He said the best players in the world in tennis only win 55% of their points.
Yeah.
Yeah.
Meaning that they barely win.
It's just, it's just a game of, of, and so those margins are like, you have to know sometimes
like, uh, one of this really simple examples, you probably know this one from your sport
too, is, Hey, this person, uh, 53% of the, uh 53 percent of the the um uh i don't
know what you call them rallies they go beyond six shots they lose so if you have more endurance
than that person just go beyond six and all of a sudden the odds are in your favor yeah exactly
and that comes down a lot to me because like my fitness is my strength so yeah i try and i try
like make the rallies
longer and if i get stuck into a lot of short rallies then it generally doesn't go in my favor
so um that's where you know that's where a lot of that sort of stats comes in and i think it's
in every sport isn't it like you know everyone's got their strengths and weaknesses and it's about
how you how you sort of expose those um to try win the match. But it's pretty interesting.
Like I never used to be that sort of player in terms of analyzing it that much.
And when I learned how to do it, it's like there's some serious benefits to it.
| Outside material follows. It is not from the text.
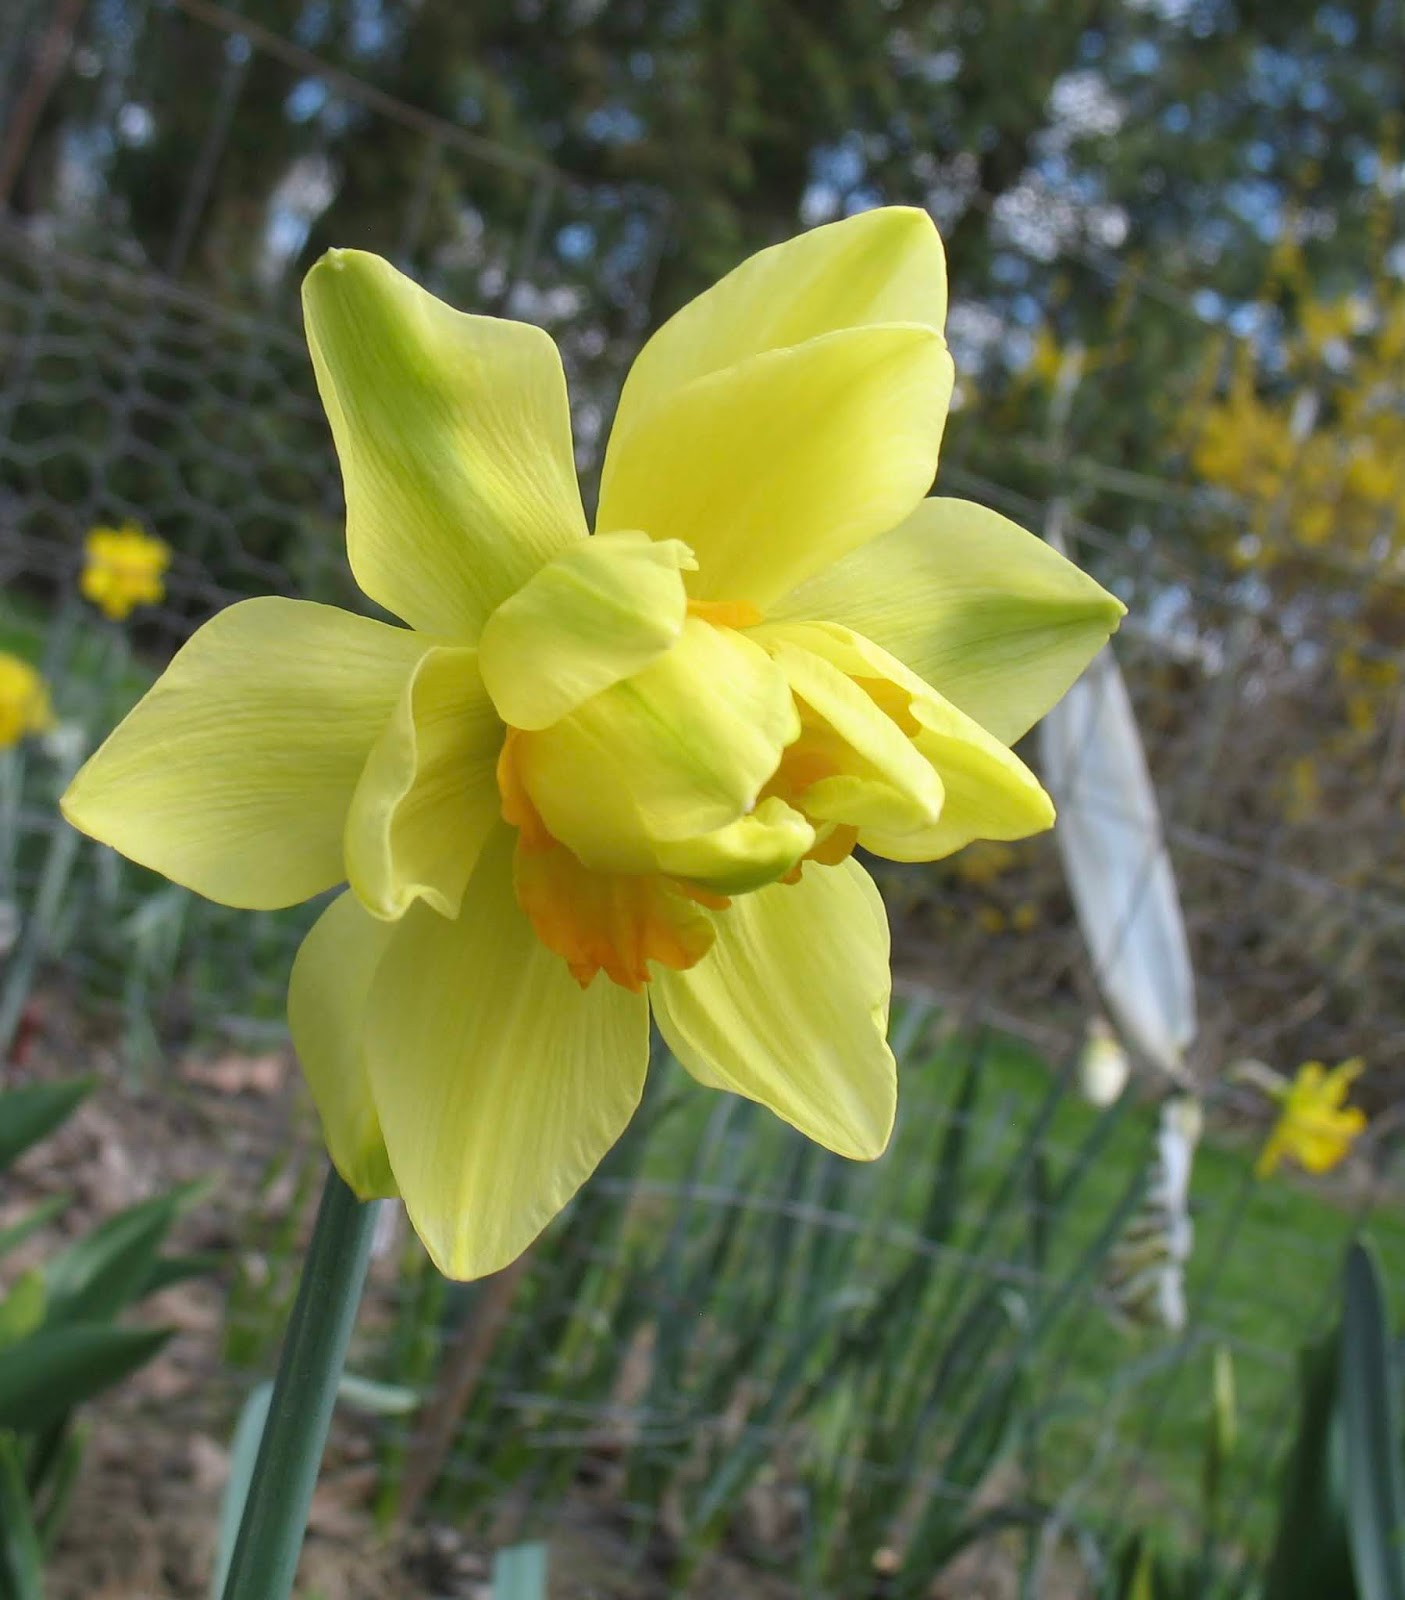 muddleaged: Daffodils 2020
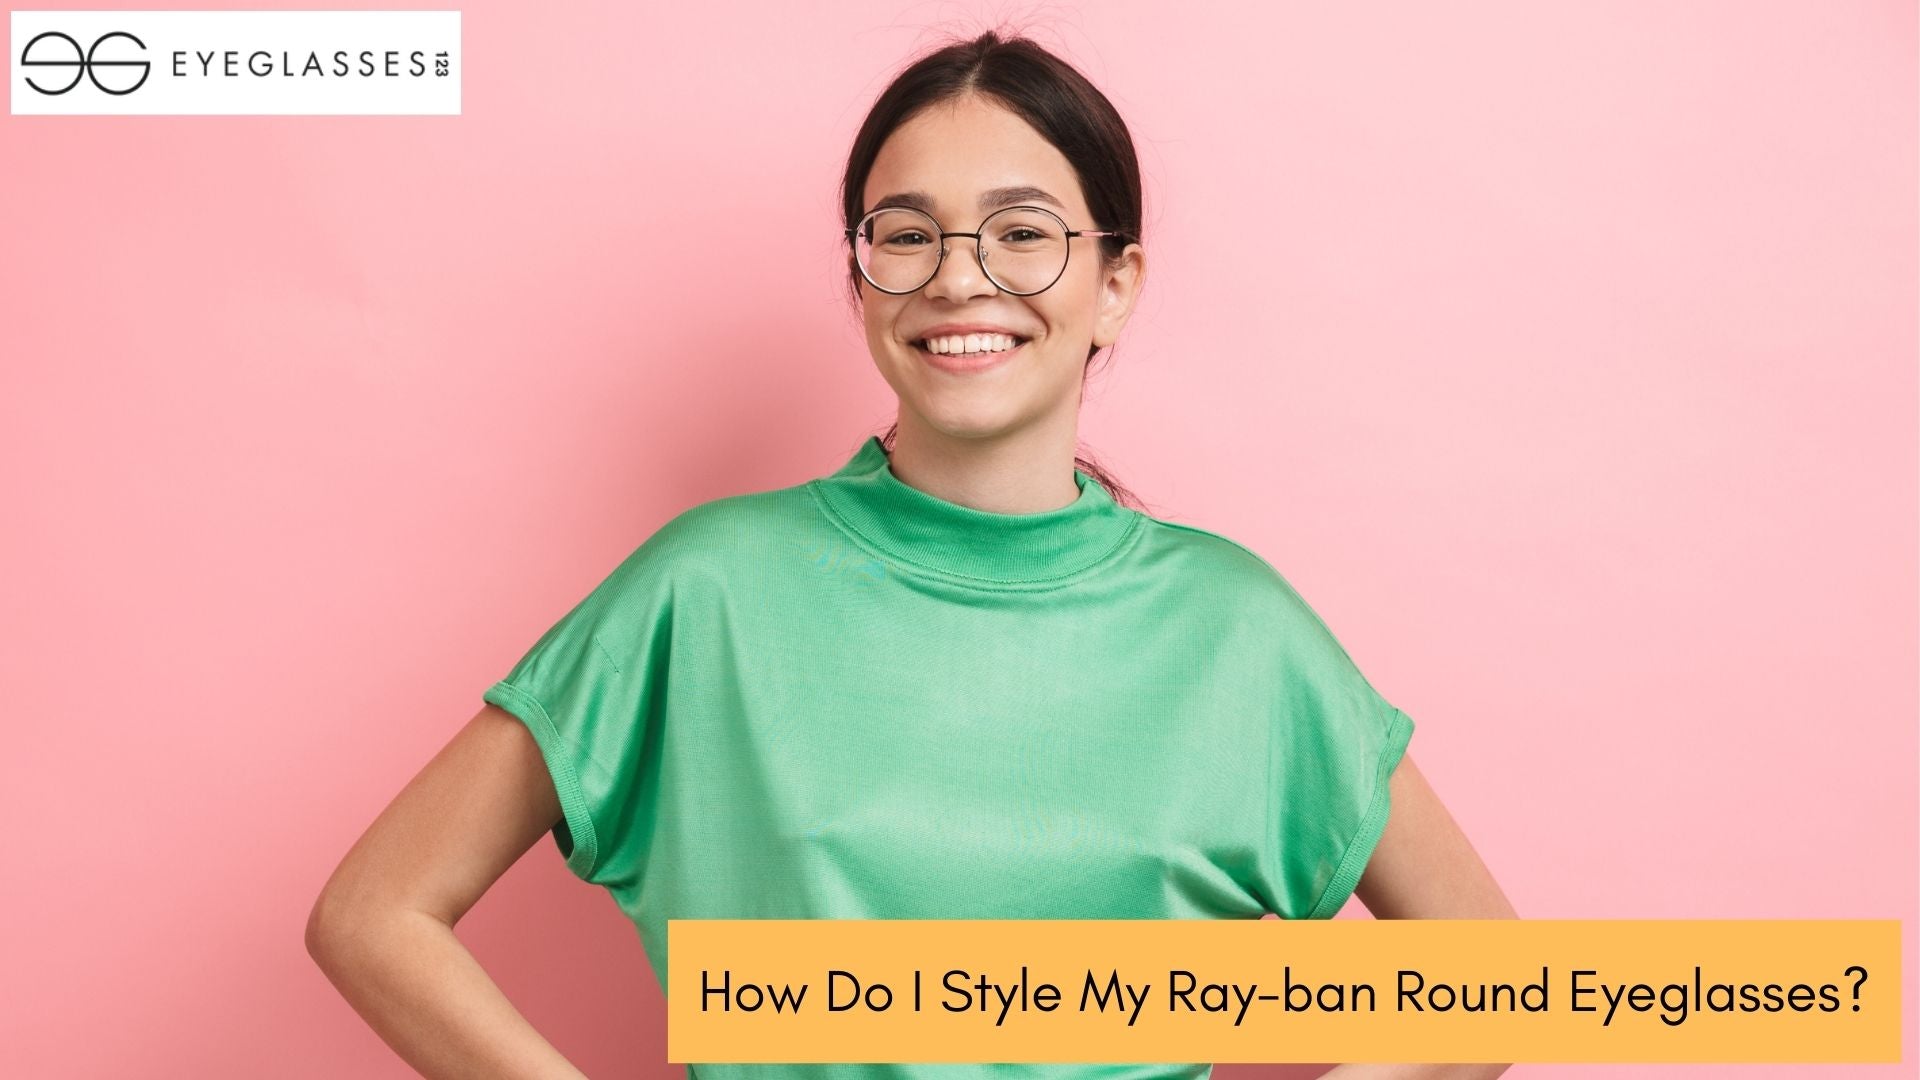 How Do I Style My Ray-ban Round Eyeglasses?

Serious benefits to it, man.
I think it's where all the best players are now.
I think you have to.
Well, you're searching for those small percentages, aren't you,
when you're at the top.
You're sort of trying to find 1% here, 1% there. and that's one of the easiest ways to do it i think because you just
sort of you just it's already there it's not like something that you need to learn how to do you
just sort of need the information basically so i've heard people say that these racket sports
tennis squash uh racquetball are the hardest mental sports in the world,
and that people don't realize it. And these are the two reasons I heard.
One, and you know, of course, there's, I know some people are like, fuck that. How about boxing?
I think, yeah, okay, fine, you win. But basically, the two things with tennis is you're out there all by yourself.
There's no or squash.
You're out there by yourself.
And then the second thing to get your head wrapped around is if you're out there.
You can still win, meaning there's no time domain.
You're down.
What do you guys play to 11 or 14 or 15?
What do you play to? Oh, we play to 11.
Best of five sets and each sets to 11 points.
So if it's if it's do you guys have if it's 7-0, is the game over?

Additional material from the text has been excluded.